A gray swelling within 2–3 mm of the corneal margin occurs in the superficial one-third of the cornea, progressing circumferentially and centrally over 4–12 months ¹⁾. The leading edge of the ulcer has a prominent undermined, deep trench-like edge. The absence of a clear zone between the limbus and the ulcer is an important distinguishing feature from catarrhal corneal ulcer.

Blood vessels invade the ulcer base and extend toward the base of the undermined edge ¹⁾. However, they do not extend beyond the advancing edge of the ulcer. Corneal destruction is generally limited to the stromal tissue, leaving Descemet’s membrane and endothelium intact ¹⁾.
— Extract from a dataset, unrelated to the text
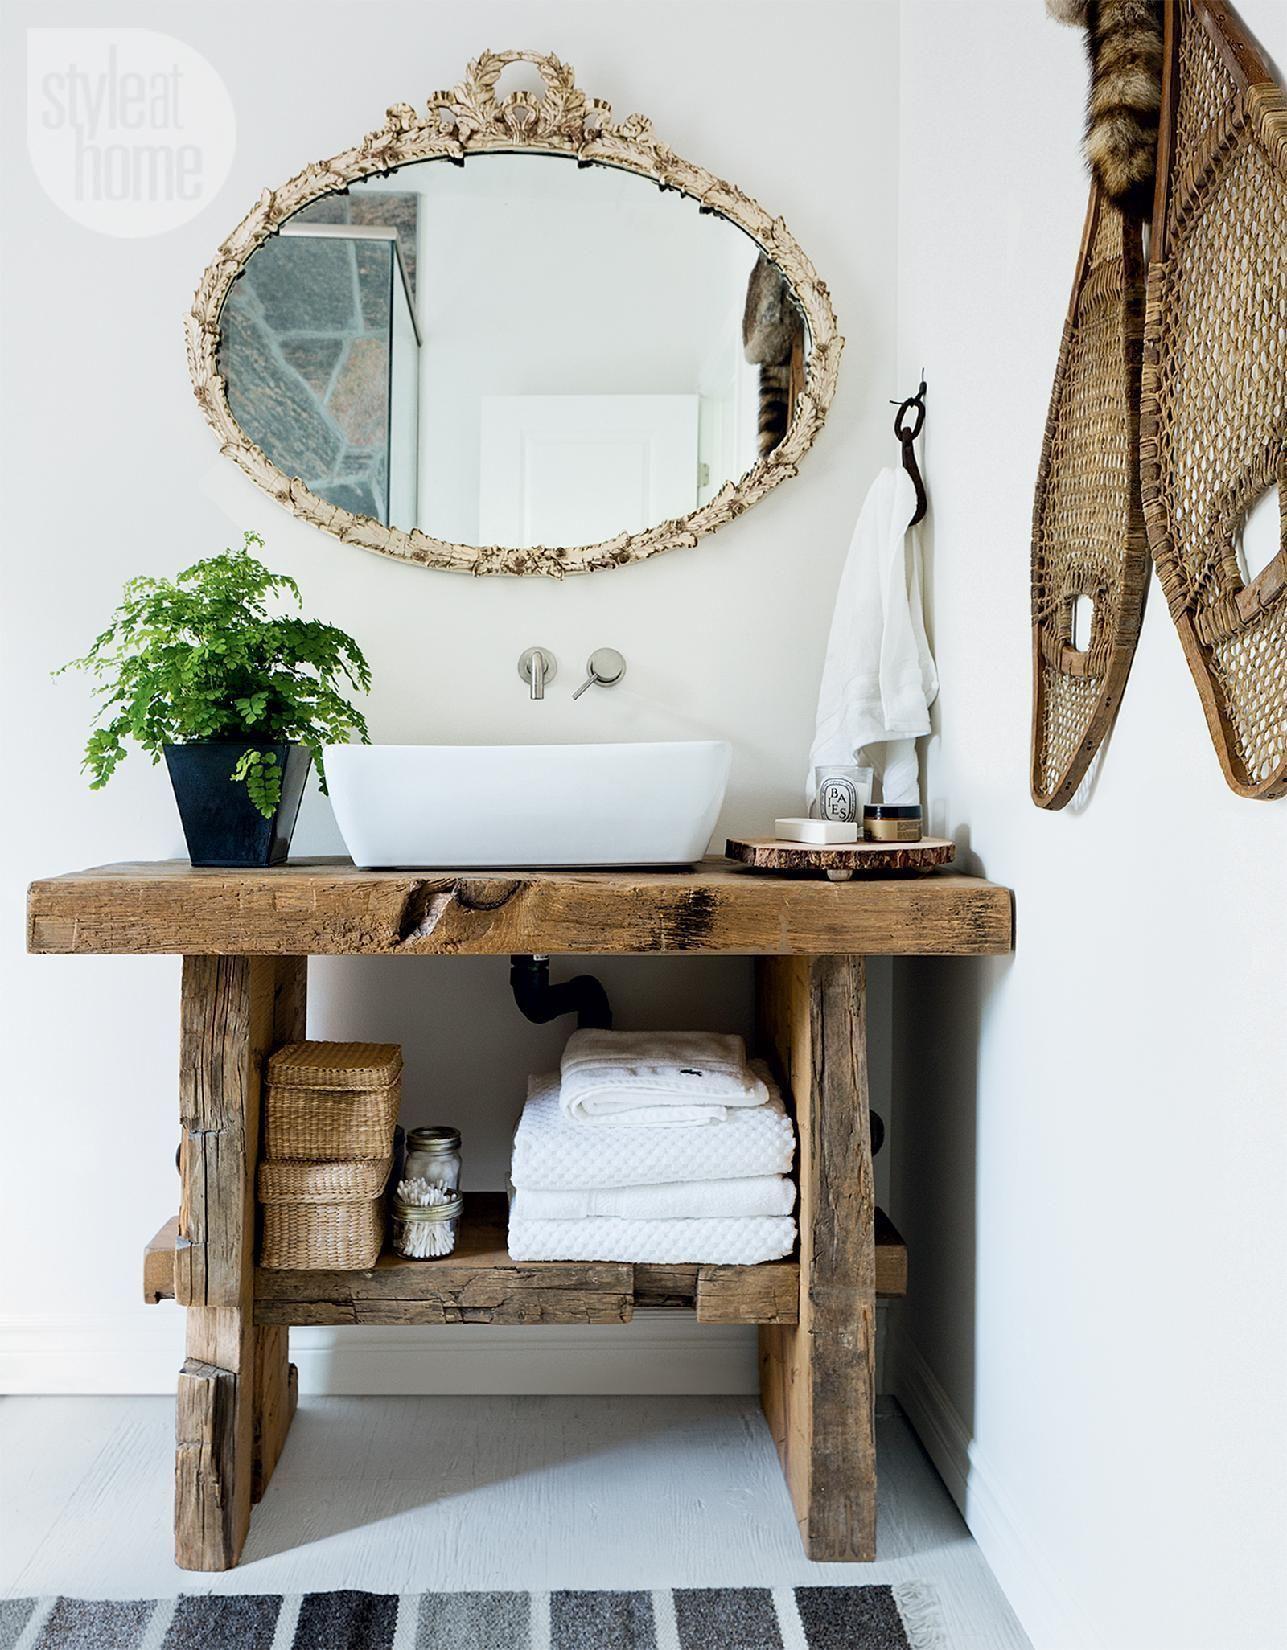 Photo of 10 rustikale Badezimmereitelkeiten zu herzhaften Dekorationsideen 201

There is no inflammation in the adjacent sclera. This is the most important distinguishing feature from peripheral corneal ulcers associated with collagen diseases such as rheumatoid arthritis.

It is a rare disease, with an estimated incidence of about 0.03% in China ²⁾. It is more common in the Southern Hemisphere, such as southern and central Africa and India, suggesting a genetic or geographic predisposition ²⁾. The ICD-10 code is H16.0.

Q What are the three clinical types of Mooren's ulcer?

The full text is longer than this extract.